Data segment
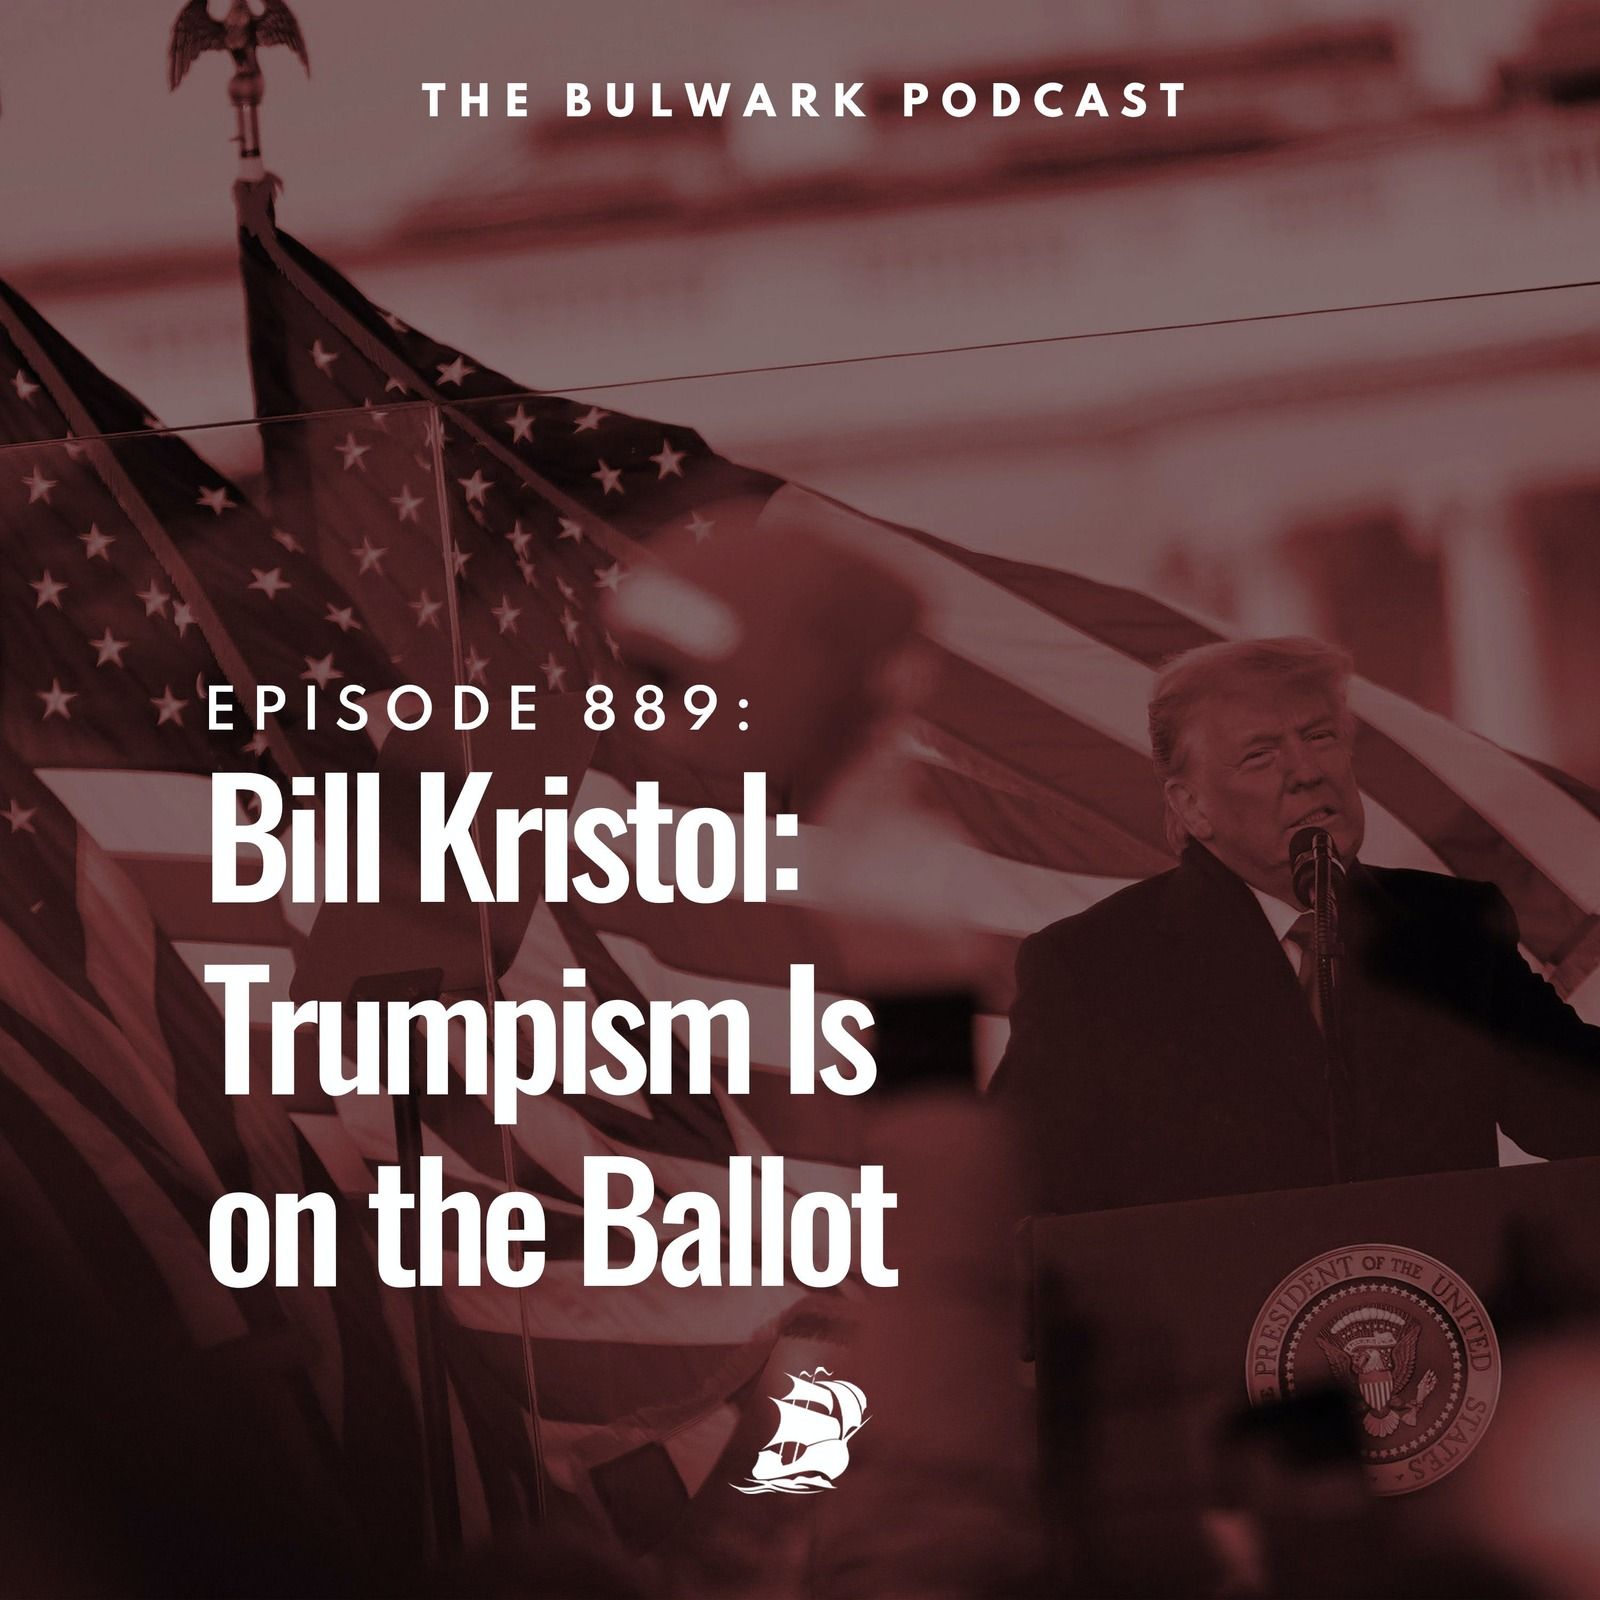 Bill Kristol: Trumpism Is on the Ballot
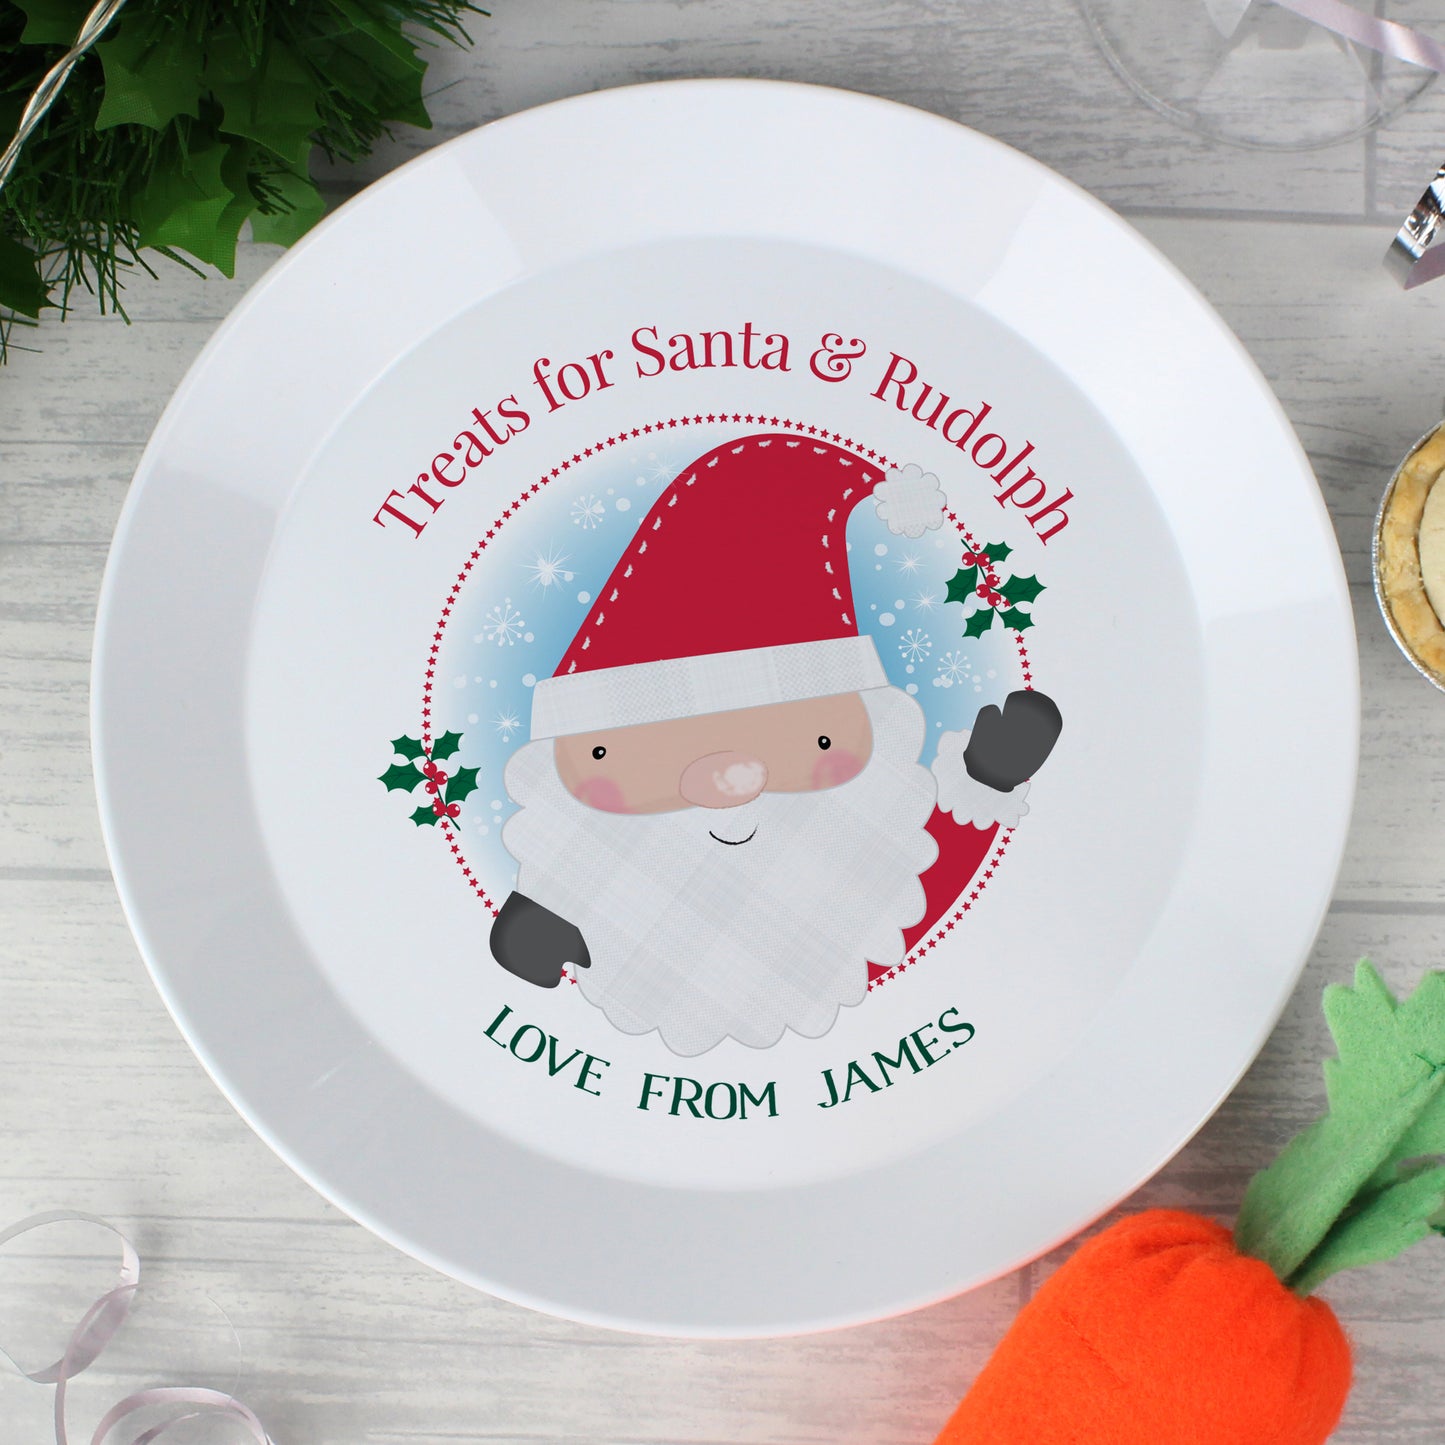 Santa Christmas Eve mince pie plastic plate - Lilybet loves
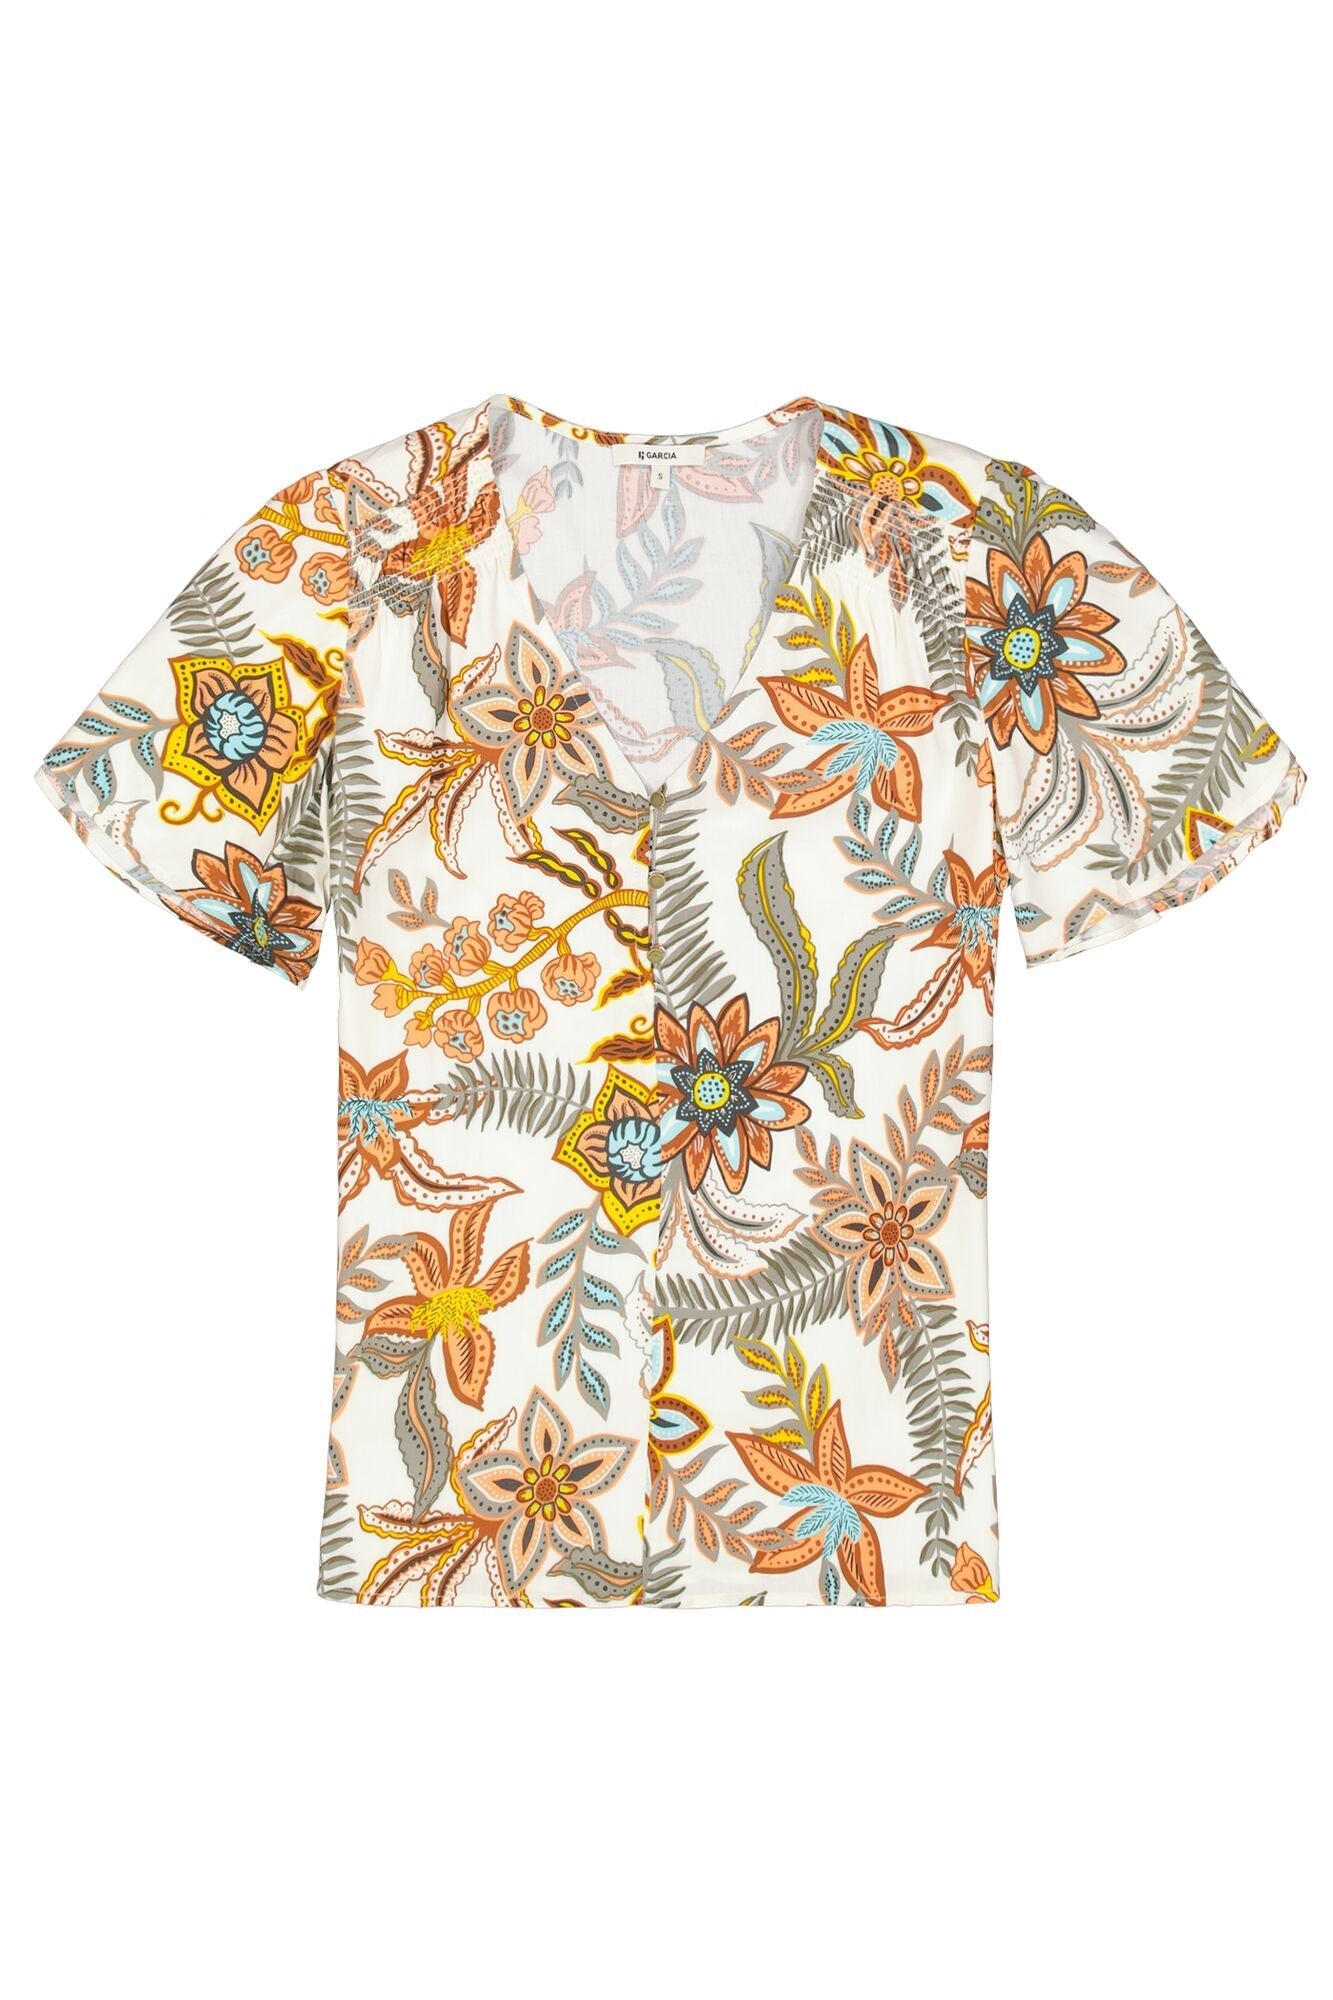 Garcia (Q40032) Women's Short Flounce Sleeve V-Neck Textured Top in Retro Orange Floral Print

Work to be completed
Everything in the listing above except the pictures should be duplicated exactly.

Response to this exercise
 Bill Kristol: Trumpism Is on the Ballot
 Santa Christmas Eve mince pie plastic plate - Lilybet loves
 Garcia (Q40032) Women's Short Flounce Sleeve V-Neck Textured Top in Retro Orange Floral Print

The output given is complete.